Пенниман любил поговорить. Он считал себя философом.
Эндрю знал это – разговор про утробу у гроба остался у него в памяти.
– Не могу понять, в особенности с Пого.
Пенниман широко раскрыл глаза, словно предлагая Эндрю продолжить и обещая свое внимание.
– Месяц назад, – продолжил Эндрю, – я бы сказал, что любой друг Пого есть и мой друг. Любой человек, читающий Уолта Келли, непременно должен иметь правильные наклонности. Недоумки и притворщики этого не поняли бы. Я воспринимал вас как человека, который засыпает над книгой – кого? – Сартра? Может быть, Манна. Кого-то до блеска отполированного и полного… всякого говна. Но не Пого. Что это может означать, спрашиваю я себя. И похоже, это означает, что, как бы это сказать, вы нечто, подобное потерянной душе. В вас есть нечто, стремящееся быть… могу я сказать, быть на стороне добра? Нечто такое, что ничуть не радуется… чему? – собиранию, скажем, кошачьих фекалий или пусканию слюней над протухшими отбросами в мусорном бачке.
Эндрю сиял, с любопытством глядя на Пеннимана, но была на его лице и гипнотизирующая, полная глубинного смысла улыбка доморощенного психолога, великодушный, сострадательный взгляд, гарантированно обещавший свести Пеннимана с ума. Он напрягся, готовясь к нырку, чтобы увернуться от неминуемого удара тростью. Но ничего такого не случилось. Пенниман смотрел на него, поверхностно дыша. Опустился тяжелый покров смущения.
– Вы закончили?
Эндрю пожал плечами, скосил глаза на парковку. Улица была пустынна. Он ничего не добился своими разговорами.
– Ведите их в дом, – сказал Пенниман и сжал рот, губы его замерли в невыразительном одеревенении. Потом добавил: – На кухню. – Но произнес эти два слова с такой леденящей кровь интонацией, словно кухня была вовсе и не кухней, а средневековой камерой ужасов.
Эндрю с криком метнулся в сторону, таща за собой своего пленителя. Следуя примеру Эндрю, закричал и Пиккетт, и Пенниман, которого такой поворот событий застал врасплох, сделал шаг назад, опасаясь, что Эндрю бросится на него, и в слепой ярости, замахнувшись на него своей тростью, нанес удар по спине человека, который держал Эндрю за руку. Эндрю сильно топнул каблуком по носку ноги человека сзади, продолжая громко кричать и визжать, он пытался раздробить пальцы на ноге своего противника и маневрировал так, чтобы тот находился между ним и тростью.

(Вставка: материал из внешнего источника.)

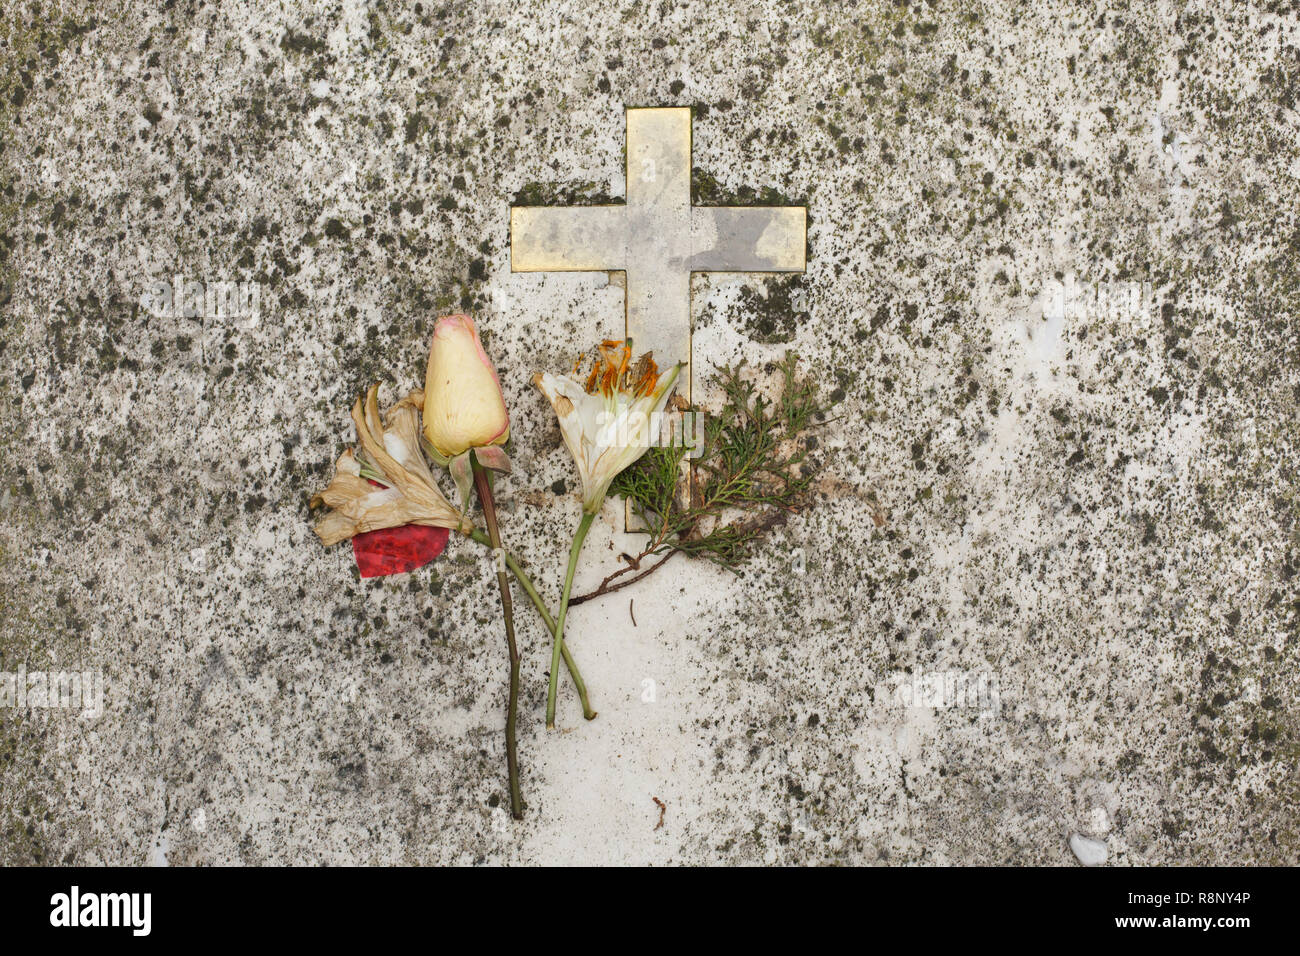 Kreuz und Blumen auf dem Grab von Russischen Schauspielerin Vera Stravinsky, geb. Vera de Bosset (1889-1982) an der griechisch-orthodoxen Friedhof auf San Michele Insel (Isola di San Michele) in Venedig, Italien. Vera Strawinski war die zweite Frau des russischen Komponisten Igor Strawinsky, der in der Nähe begraben. Stockfoto

Все было бесполезно. Человек выбежал вперед, потащил за собой Эндрю и в конечном счете прижал его к стене ресторана. Все было кончено, и единственное, что удалось Эндрю, так это привести в ярость Пеннимана. Он слышал попугаев, кружащих в небе, и споткнулся, когда его подтолкнули к двери.
И тут вдруг парковка превратилась в сумасшедший птичий базар – попугаи били крыльями, кружили в воздухе и пронзительно кричали. Их налетела целая туча – зеленая, галдящая, шумная туча тяжелых попугаев, они бросались на людей, как бойцовские собаки, пикировали на них с высоты, рвали лица кривыми клювами и когтями, пронзительно визжали, пытались выклевать глаза. Пенниман, попытавшись отбиться от них тростью, перешел в оборону и закрыл голову руками. Один из официантов припустил на улицу, преследуемый тремя или четырьмя попугаями, которые, набрасывались, как демоны, на его уши.
Пенниман пригнулся, стараясь не подпустить птиц к своей шее, он пытался свернуться в шар, но, кажется, боялся запачкать свои белые брюки о грязный асфальт парковки. Один из попугаев, огромный красноголовый амазон с размахом крыльев чуть ли не в три фута, вцепился в спину Пеннимана и забрался клювом ему под воротник, тогда старик убрал одну руку от головы и принялся без какого-либо успеха отбиваться от птицы, сначала пытаясь ее прогнать, а потом ухватить.
Попугаи, однако, не проявляли никакого интереса к Эндрю и Пиккетту. Они появились, как вовремя подоспевшая кавалерия. На долгом протяжении в полминуты Эндрю ошеломленно вжимался спиной в стену ресторана, от которой его пытался оторвать громила из пожирателей пончиков, он все еще держал Эндрю за левую руку и вертелся, притоптывал, отбивался свободной рукой от попугаев. Эндрю, увидев свой шанс, ударил этого типа локтем в живот, одновременно вырвался из его хватки и нанес еще один удар по колену.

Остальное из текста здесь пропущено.